Supreme Court to rule on software patents

SCOTUS steps in where the Federal circuit fears to tread and could make patent trolling a much less attractive action

In a week where the intellectual property stories have kept coming like winter storms, we heard today that the Supreme Court has agreed to hear the question referred to it from an en banc (all the judges together) hearing of the U.S. Court of Appeals for the Federal Circuit in Washington, D.C., which specializes in patent cases and is known to be biased in favor of patent holders.

The question that left the judges divided arose from the important dispute between Alice Corporation and CLS Bank that has formed a cornerstone of case law validating software patents. Software patents appear on the surface to be impossible under U.S. patent law, where laws of nature, natural phenomena, and abstract ideas are all explicitly excluded from patentability.

By attaching an abstract idea to a physical device ("a computer that ...") Alice Corporation attempted to convert unpatentable abstract methods into a patentable modified device. As the EFF put it, "In a thoughtful opinion by Judge Lourie, five members of the federal circuit's appeals court held that merely 'appending generic computer functionality' to an otherwise abstract concept is not enough to make it non-abstract, or somehow patentable." But the court as a whole could not agree on a foolproof test for whether a patent ought to be valid if it combines a computer and a method like this. Thus, the Supreme Court is now on the case.

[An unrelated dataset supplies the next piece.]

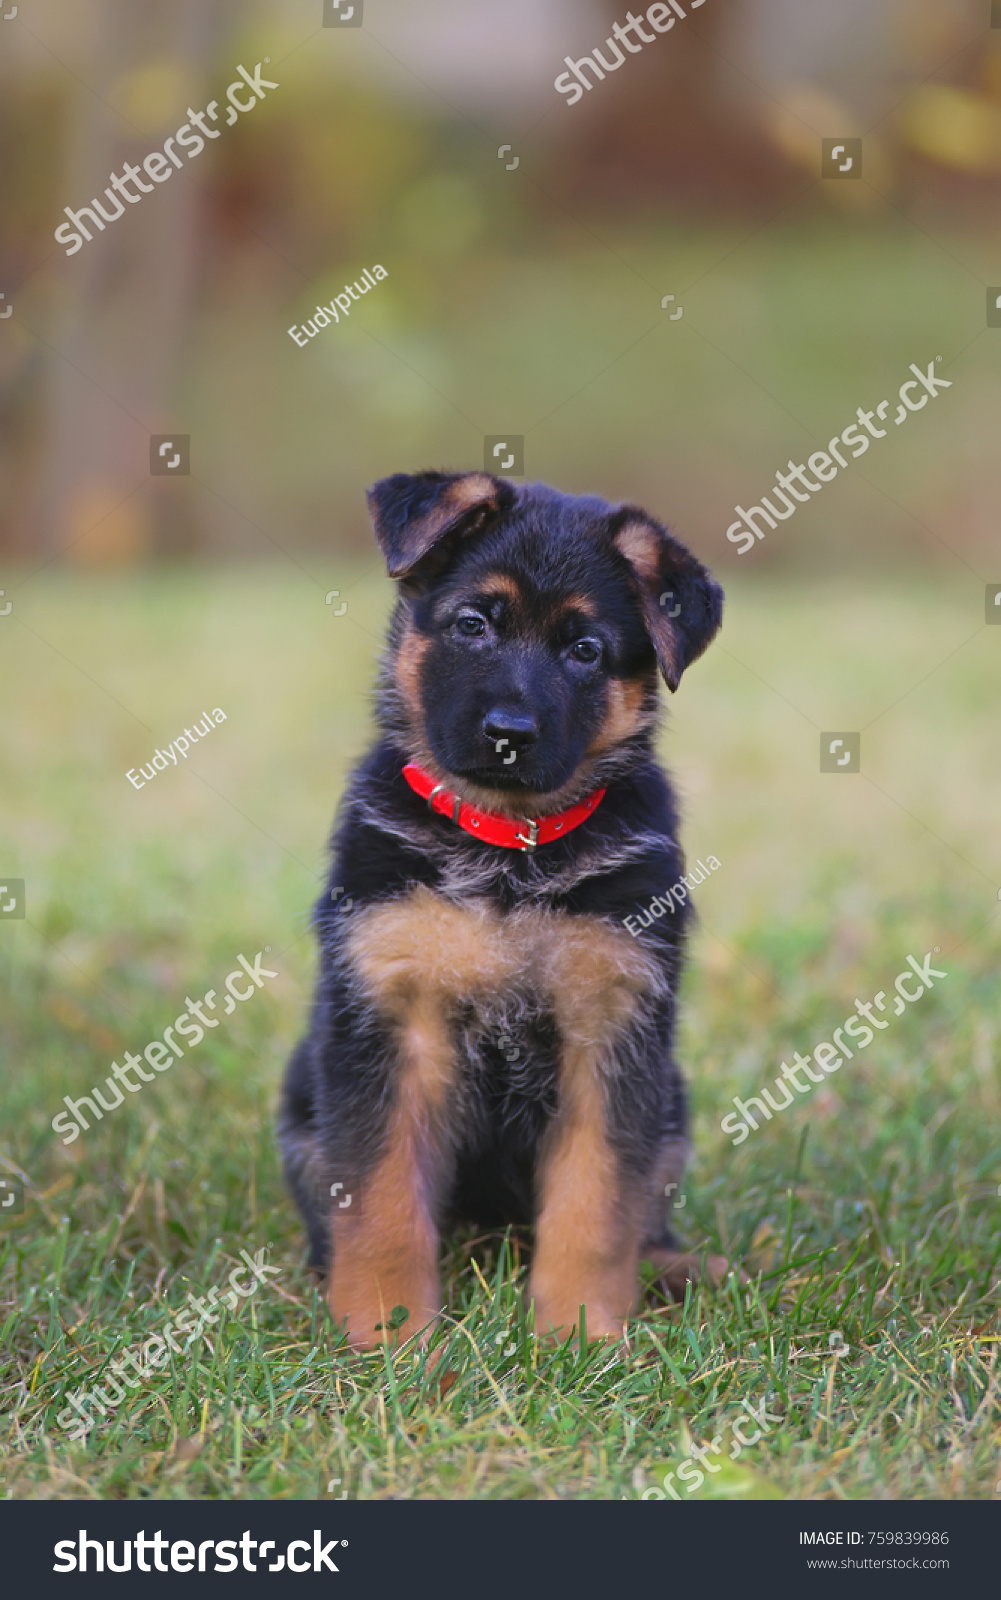 Cute Shorthaired German Shepherd Puppy Wearing Stock Photo Edit Now 759839986

It's possible the Supreme Court could find an idea promoted by Professor Mark Lemley compelling. As I wrote last year, Lemley believes this dubious word game is another instance of the "functional claiming" loophole to patent law that was previously used to game the pharmaceutical industry. The whole problem could be solved, he asserts, by the Supreme Court finding that "a computer" is not a device per se and that such functional claims can only be patented in conjunction with a specific computer rather than with the general idea of the Turing Machine. That charge would also trigger special handling for software patents under existing patent law that would make them much less appealing as an instrument of mischief.

Given the predilection of the federal circuit's appeals court to protect patent holders over programmers, this is a problem that can only be solved by the Supreme Court or Congress. Congress is hopefully on the case; like the EFF, I'm delighted that SCOTUS is now, too. Let's hope they have the determination to make a broad ruling and don't fail us all with a narrow decision that leaves software patents possible.